Figure: Red Bear’s post on X referring to ‘Krasny Medved,’ the English-language transliteration of ‘Red Bear’
Figure: Still from Red Bear’s TikTok video referring to ‘Krasny Medved,’ the English-language transliteration of ‘Red Bear’; interestingly, this post also explicitly gives ‘credit’ to ‘Elon’
Though Red Bear may seem obviously Russian, one should not jump to conclusions. Red Bear may be a Russian hacktivist or state-sponsored threat, however, Red Bear could also be a false flag posing as a Russian operation.
On one hand, Russia has a history of on-the-nose influence operations. As Steven Lee Meyers and Julian E. Barnes of The New York Times have aptly noted, Russian influence operations targeting the 2024 U.S. election often did not bother to hide their hand.
Red Bear’s clear intention to appear Russian could be a Russian attempt to convince Americans that Russian interference significantly impacted the results of the 2024 U.S. elections. For example, before the 2018 U.S. midterm elections, the Kremlin-linked Internet Research Agency set up a website titled USAIRA[.]ru that claimed “Whether you vote or not, there is no difference as we control the voting and counting systems. Remember, your vote has zero value.” Red Bear could similarly be a Russian attempt to ‘perception hack’ Americans into thinking that Russian interference more significantly impacted U.S. elections than reality suggests.
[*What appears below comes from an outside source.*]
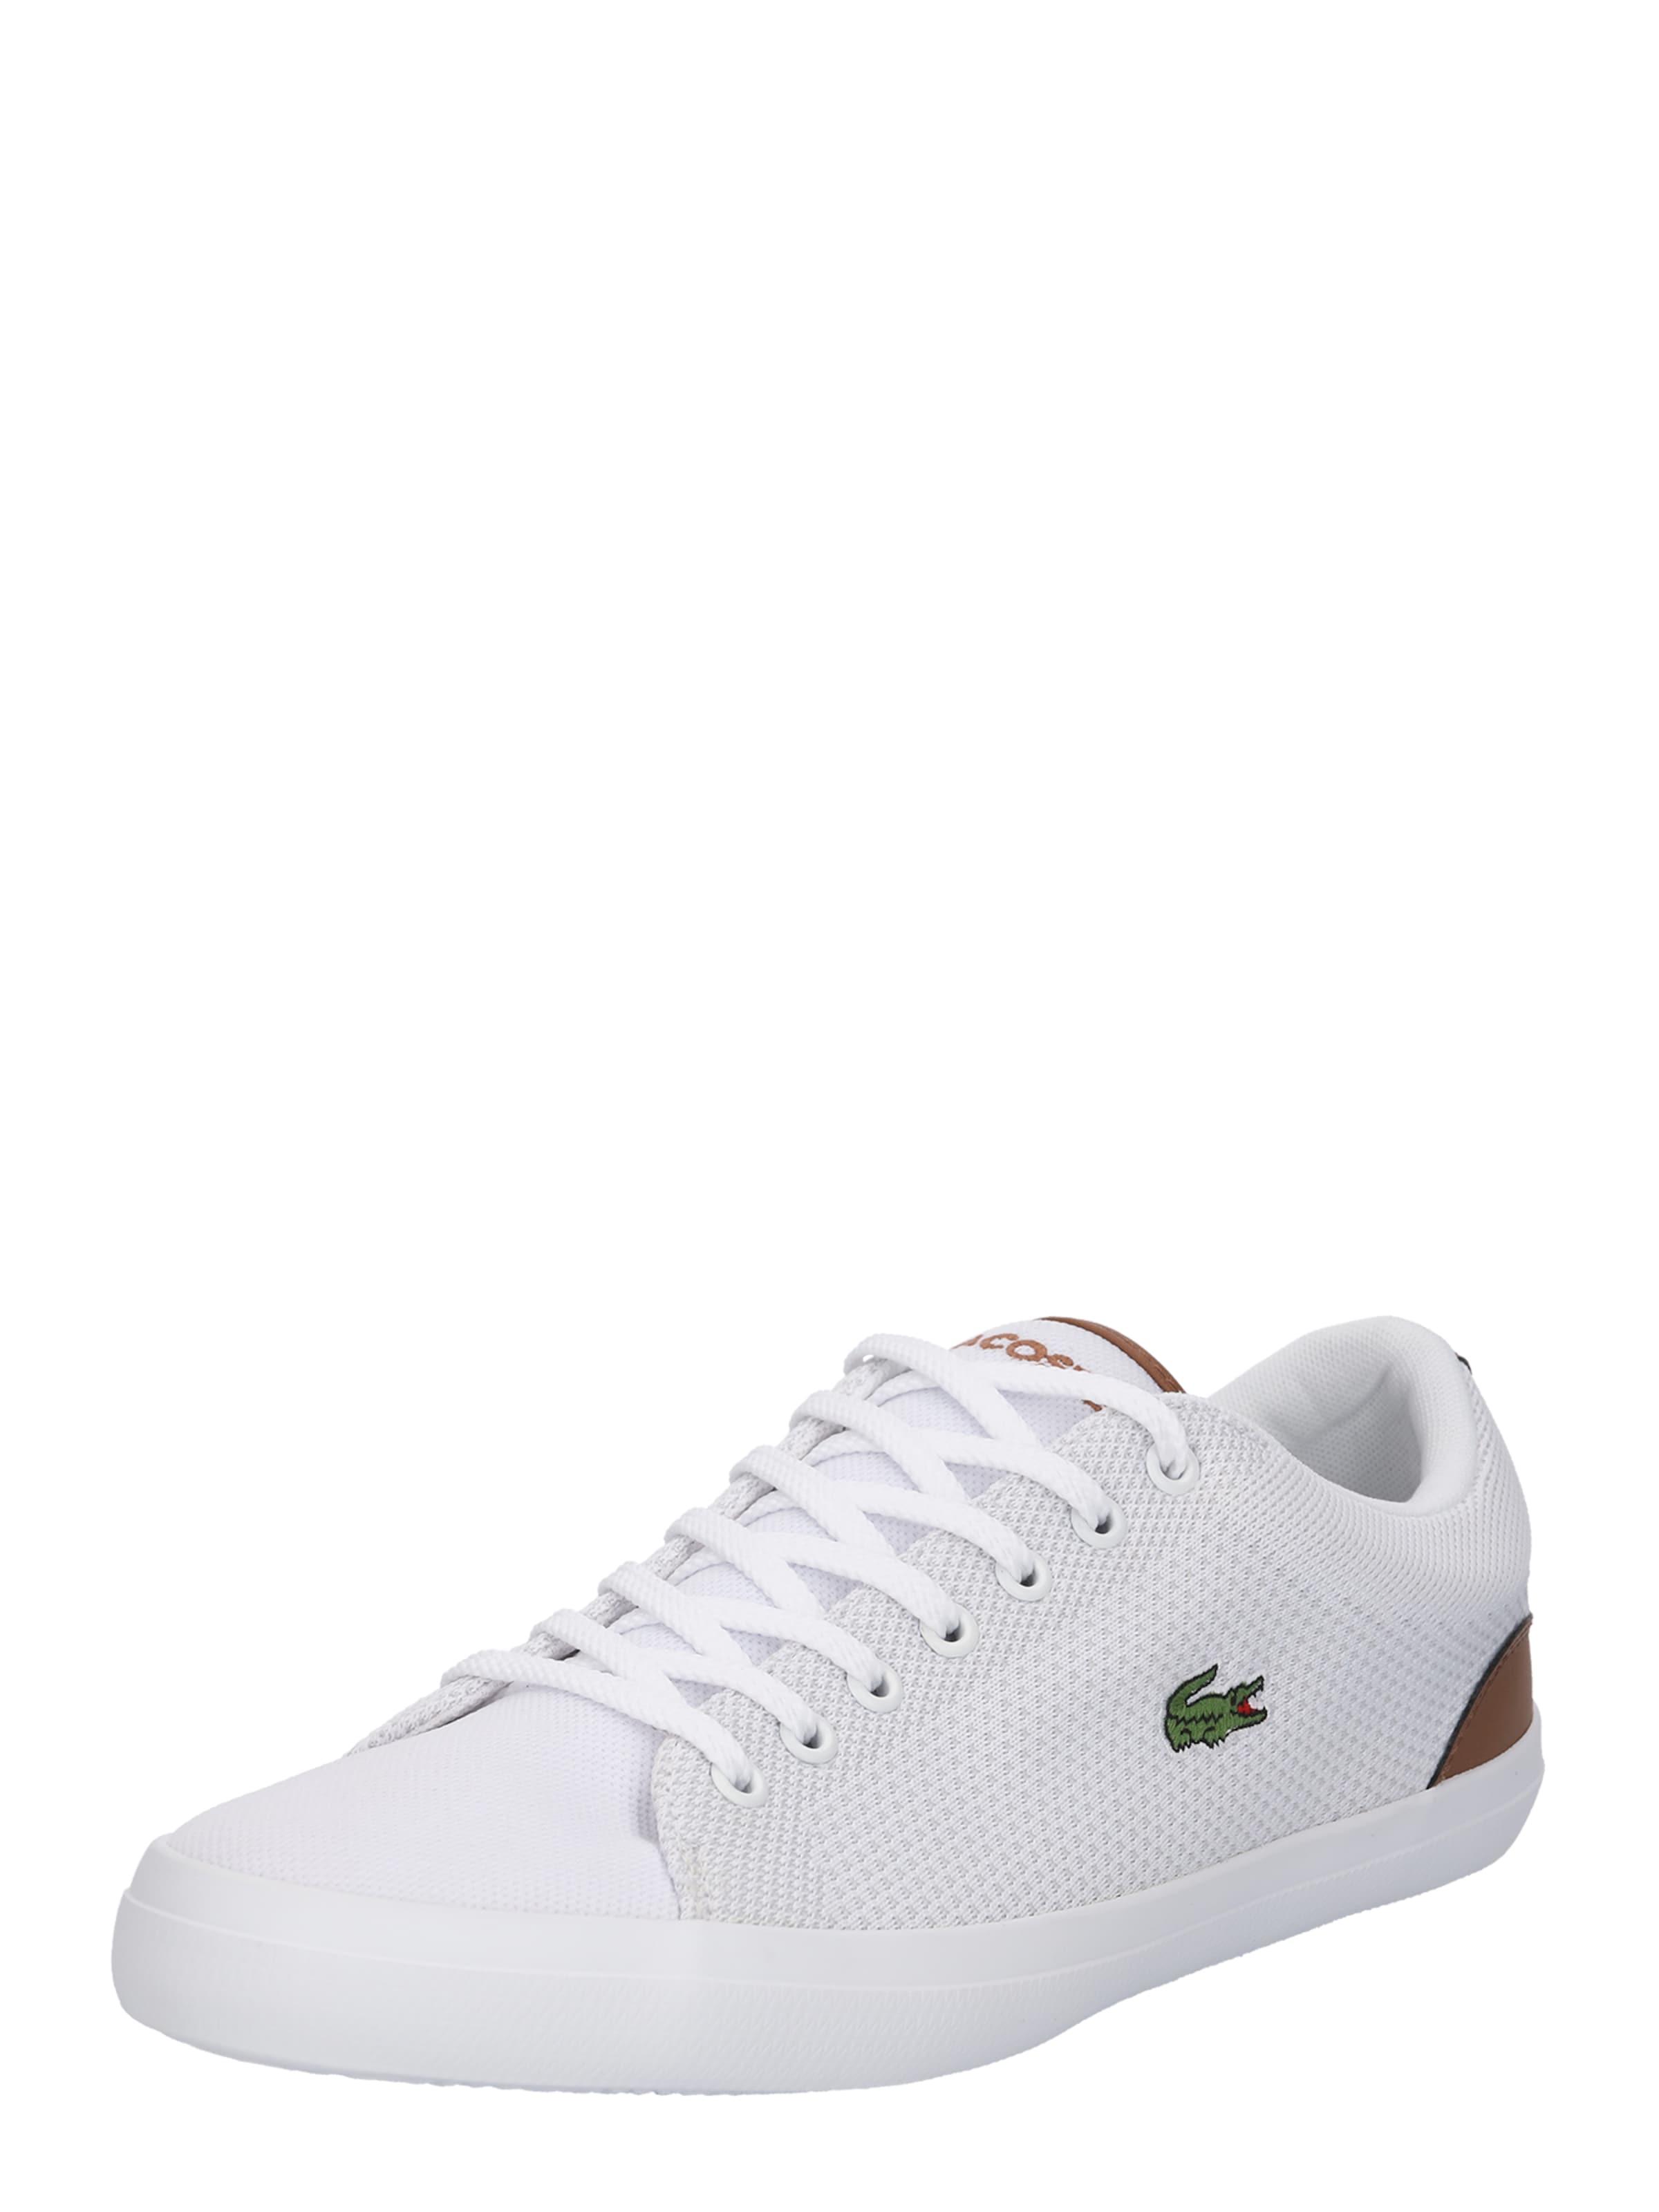 Haltbare Mode billige Schuhe LACOSTE | Sneaker Low 'LEROND' 'LEROND' 'LEROND' Schuhe Gut getragene Schuhe d09bc7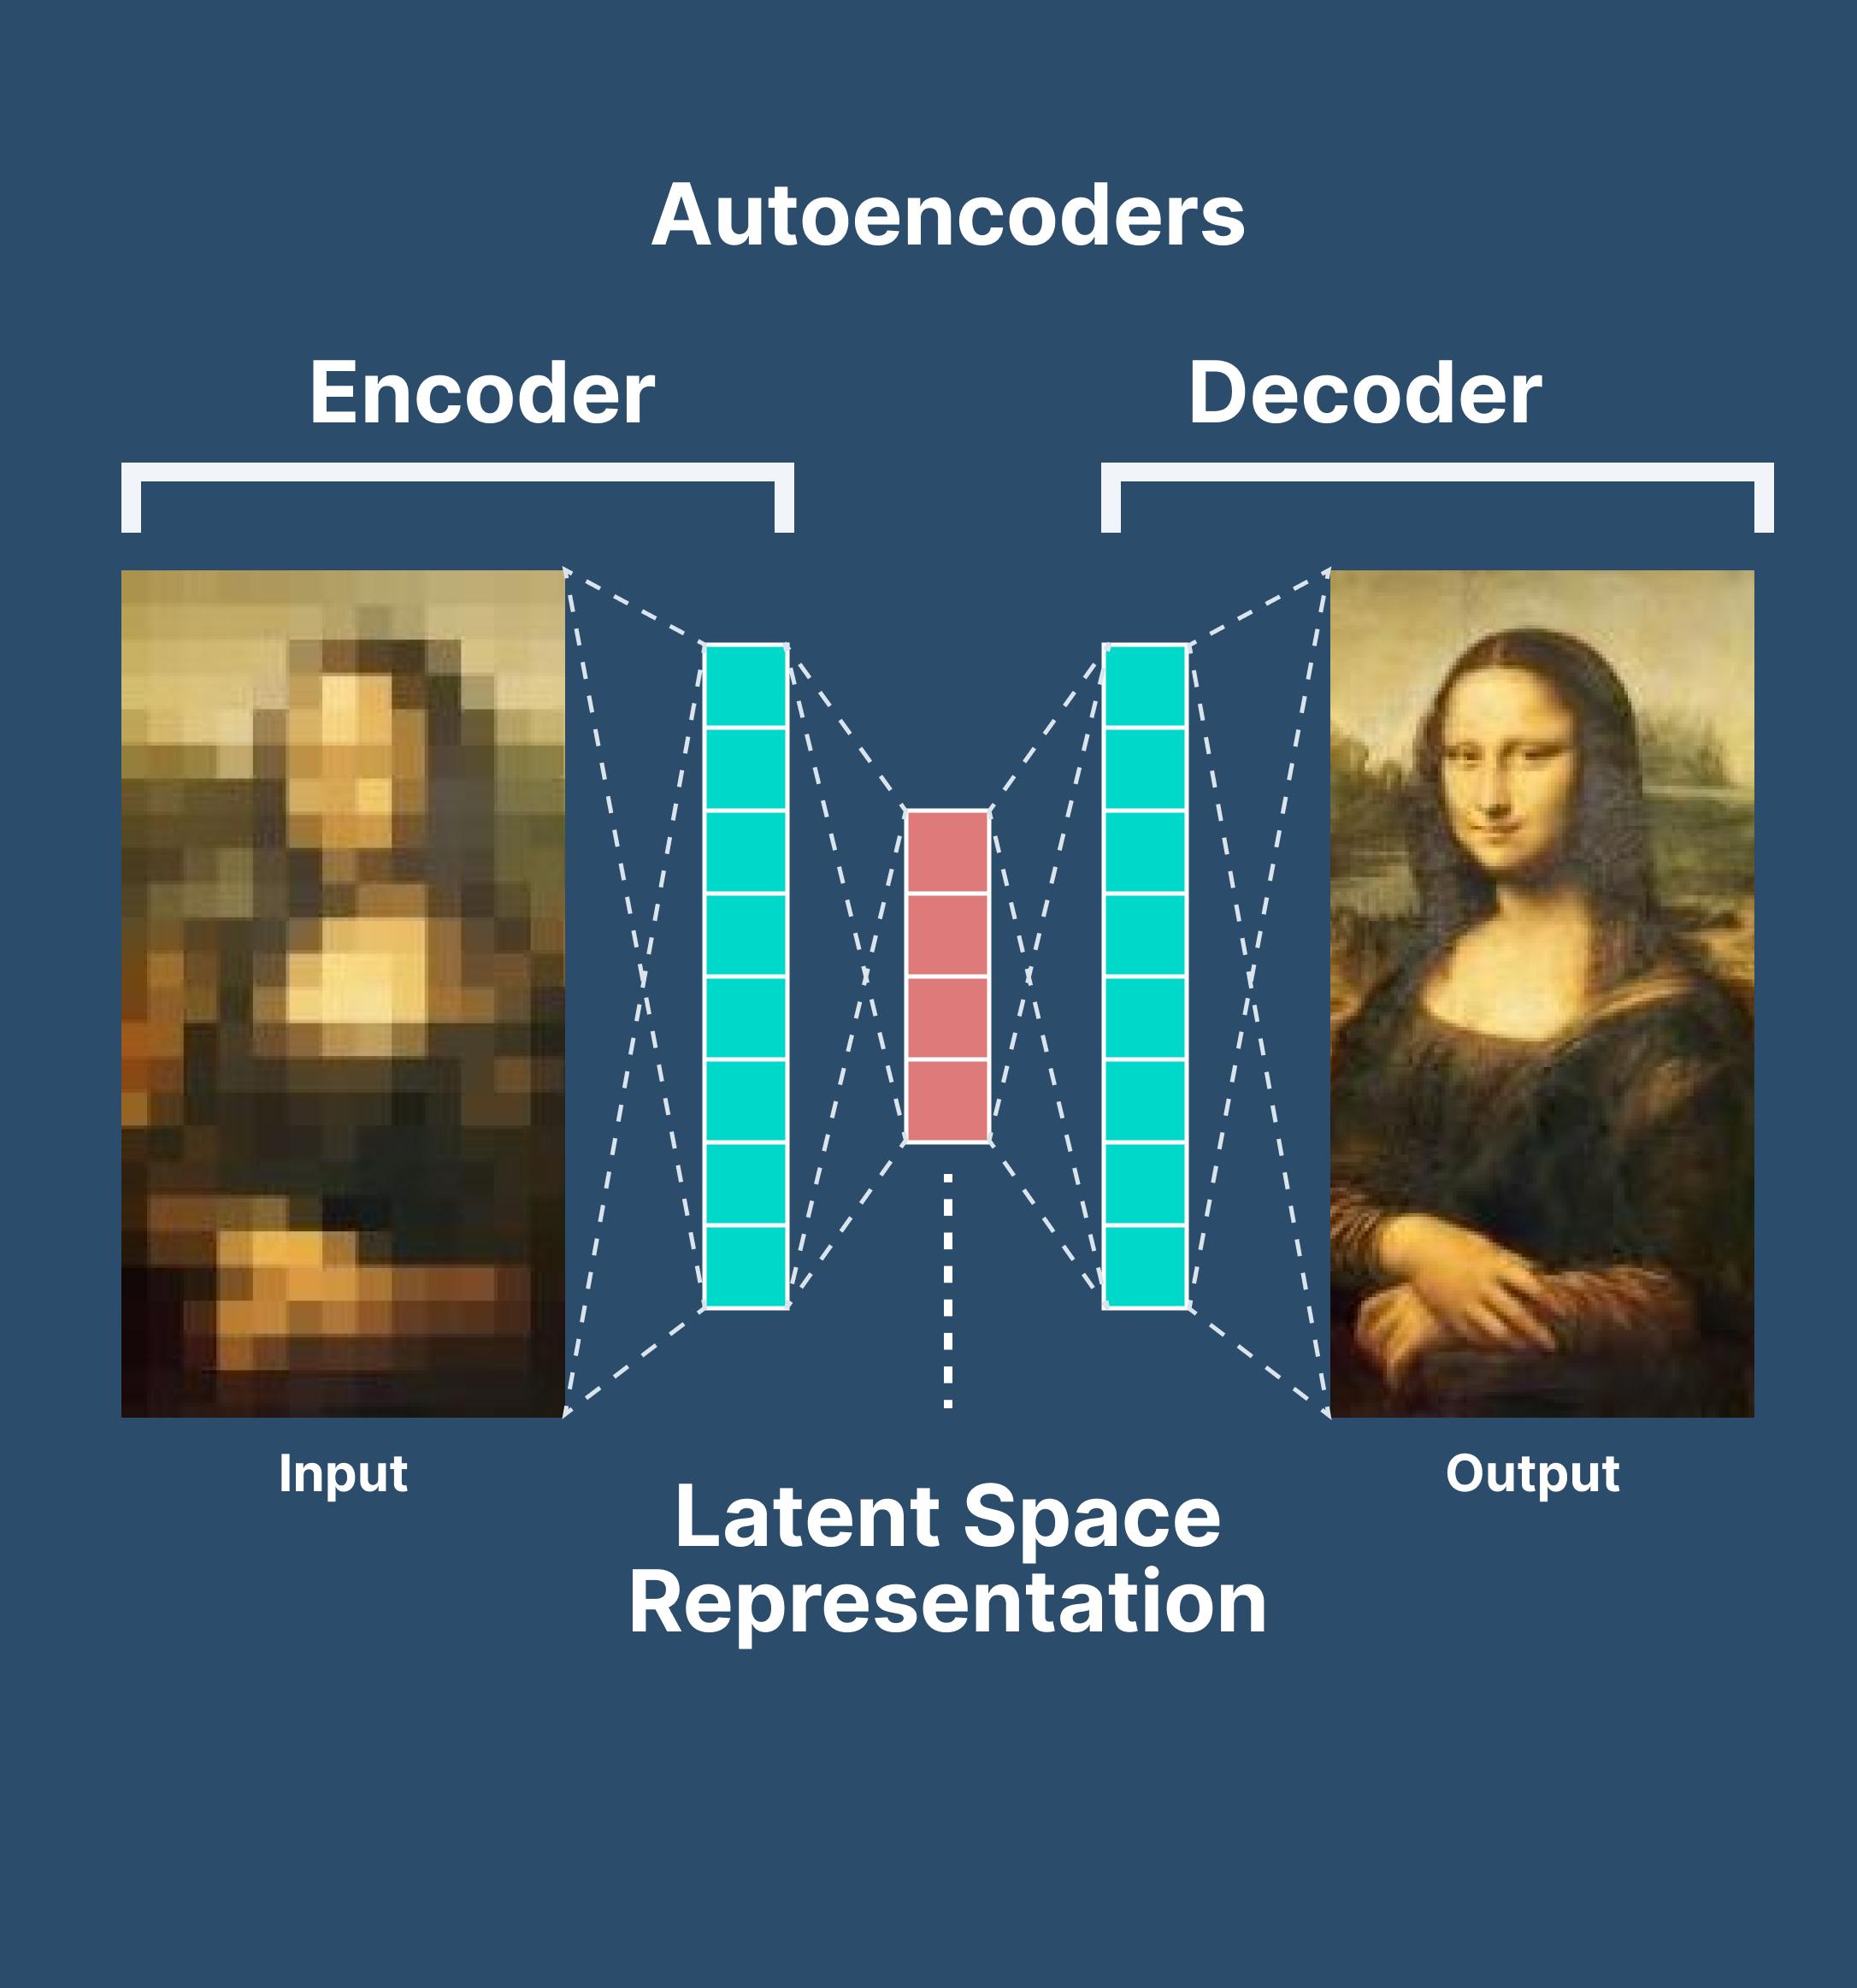 How does an autoencoder work

Red Bear also could be a false flag operation meant to appear Russian. For example, the hacktivist group Hunt3r Kill3rs claims to be Russian but is likely Iranian. It is difficult, however, to imagine Iranian threat actors being sophisticated enough to occasionally omit articles to imitate how a Slavic-speaking person would write in English. A domestic actor in the U.S. could also have created Red Bear as a false flag to cast doubt on the integrity of the elections. However, this is highly unlikely, as there is no precedent for American citizens launching foreign false flag influence operations of this nature targeting other Americans.
It is difficult to confidently attribute Red Bear with the available open source information. Red Bear has no obvious operational security slips revealing the identity of its operators. The timing of Red Bear’s activity on messaging platforms and social media does not clearly align with the waking or business hours of Russia, Iran, China, or another U.S. adversary. Nor has Red Bear set up its own domain, which might provide more technical indicators to investigate.
We welcome any input from the research community that might aid attribution. Moreover, the platforms that Red Bear uses might want to conduct their own investigations, as they might have access to internal data such as registrant emails that can aid attribution. Lastly, considering that Red Bear has spread suspect claims of hacking election infrastructure that have gained traction, the U.S. government might want to look into it to determine whether a nation-state was involved in this activity.